Randomised controlled trial explores a digital health platform in the treatment of long COVID
Smith discovered a ground-breaking post COVID-19 rehabilitation program at TOH that provides long COVID patients with physical, psychological, and social support. With high demand, though, Smith was put on a years-long waiting list.
“Our health care system is still facing challenges in dealing with the demand of patients with long COVID, and the services that they need,” says TOH Infectious Disease Specialist Dr. Vicente Corrales-Medina. Dr. Corrales-Medina says within the last 22 months, he’s met more than a hundred long COVID patients looking for help.
So, a team of TOH researchers wanted to explore what treatments may work best when it comes to long COVID. In September 2022, TOH psychiatrist and researcher Dr. Simon Hatcher launched the Enhancing Covid Rehabilitation with Technology (ECORT) randomised controlled trial, with the support of a grant from the Canadian Institutes of Health Research as part of its COVID-19 research response. The study asks the question: In people with long COVID, does adding a digital health platform to usual care improve outcomes at three months compared to usual care alone?
“Every one of the study participants gets face-to-face or virtual meetings with a health coach to help them work through their symptoms,” explains Dr. Hatcher, who is also a professor at the University of Ottawa. “As part of the randomised controlled trial, half of the participants will also have access to a health and wellness app, which they can sync with their various devices. The app enables participants to measure their steps, set physical and social goals, and coordinate care with family doctors and specialists while offering information about specific symptoms the participant is dealing with.”

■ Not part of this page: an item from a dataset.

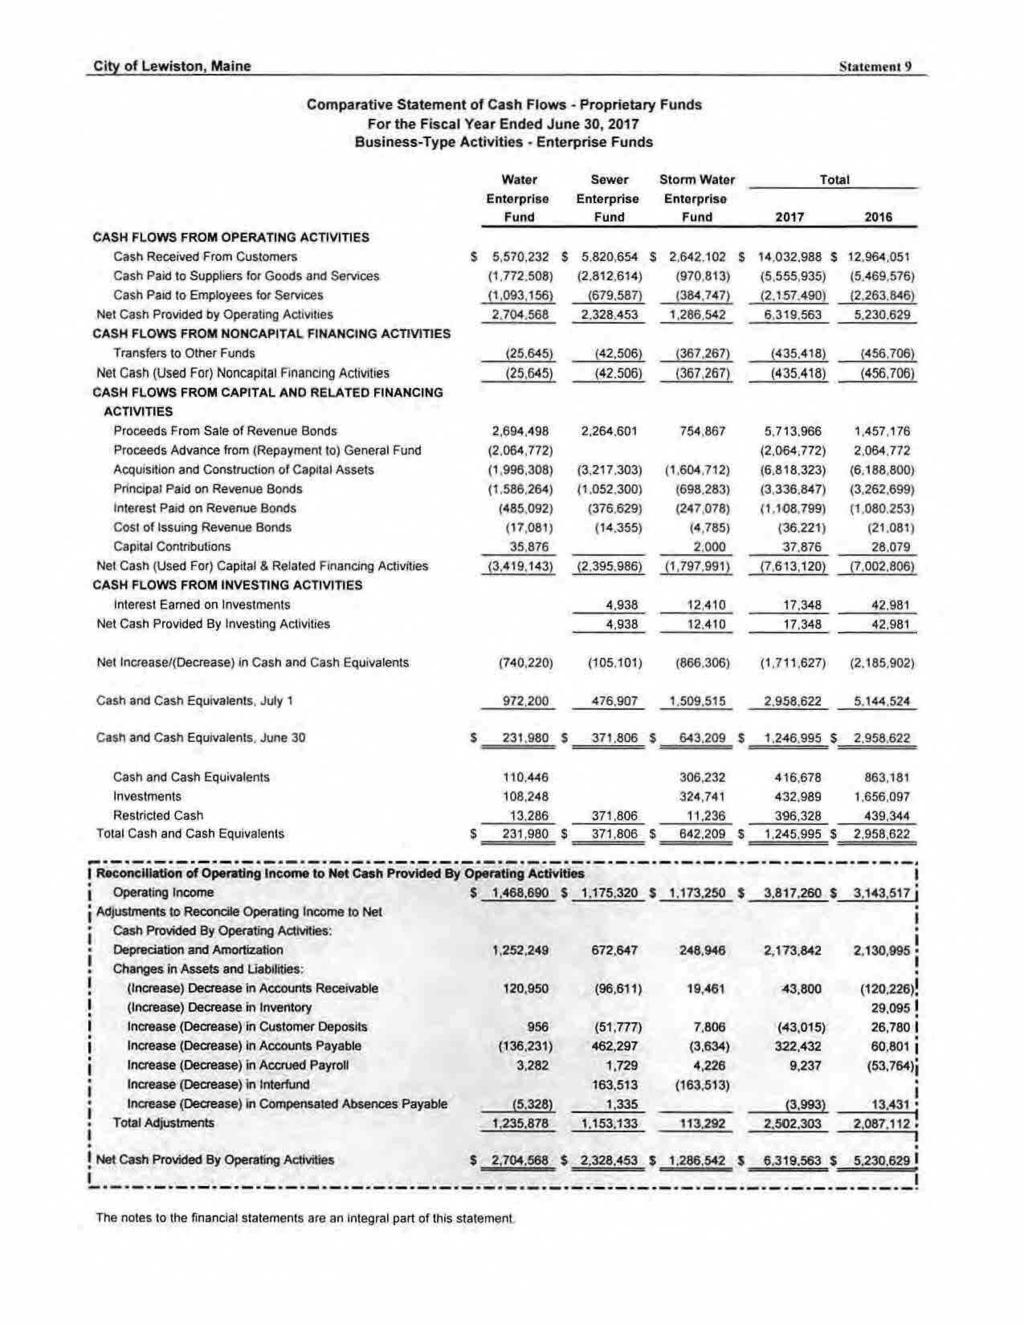 City of Lewiston, Maine St.atemenJ 9 Comparative Statement of Cash Flows - Proprietary Funds For the Fiscal Vear Ended June 30, 2017 Business-Type Activities - Enterprise Funds CA.

If the app proves effective, Dr. Hatcher says it could be rapidly rolled out across the country, helping thousands of people struggling with long COVID.
Dr. Hatcher says the goal of the 12-week treatment program, whether with health coaching alone or paired with the digital platform, is to help those living with long COVID break the “boom and bust cycle”.
“We commonly see participants who feel good one day and try to overcompensate by doing too much. Then over the next few days they feel awful,” says Dr. Hatcher. “In this study, we try to get people to pace themselves and monitor their body, emotions, and symptoms more accurately. We want to see if the app supports that better than just the usual face to face health coach.”
Early study results
Early study results have proven positive, but Dr. Shawn Marshall, who specializes in physical medicine and rehabilitation at TOH, and who helped Dr. Hatcher develop the study, says we must remain cautious.
“We’ve seen improvements in coping with symptoms and an improvement in function but some patients still aren’t able to go back to work or to their pre-infection activities,” says Dr. Marshall. “This is not a cure.”
Smith participated in Dr. Hatcher’s randomized trial and was selected to receive both the health coaching and the app. He says the digital training modules he received helped him navigate day to day activities and addressed some of his underlying emotional and psychological barriers. Still, he found the one-on-one health coach to be more effective than the digital platform.
Dr. Hatcher is also sceptical that the digital platform will be the best way forward in treating long COVID. Either way, he hopes the study will help his team understand if this treatment style is valuable, cost effective, and can be applied to other chronic illnesses.
Ending the stigma
Smith, now 64 years old, worries that if friends and colleagues learn about his struggle with long COVID he’ll be “written off” as unemployable. He hopes more investment is made in research projects like Dr. Hatcher’s.
“Even now, years later, every day is still a struggle for me,” Smith says, holding back tears. “It’s not just about preventing people from being infected with COVID, it’s about not leaving those who were infected behind. All we want is to feel like ourselves again.”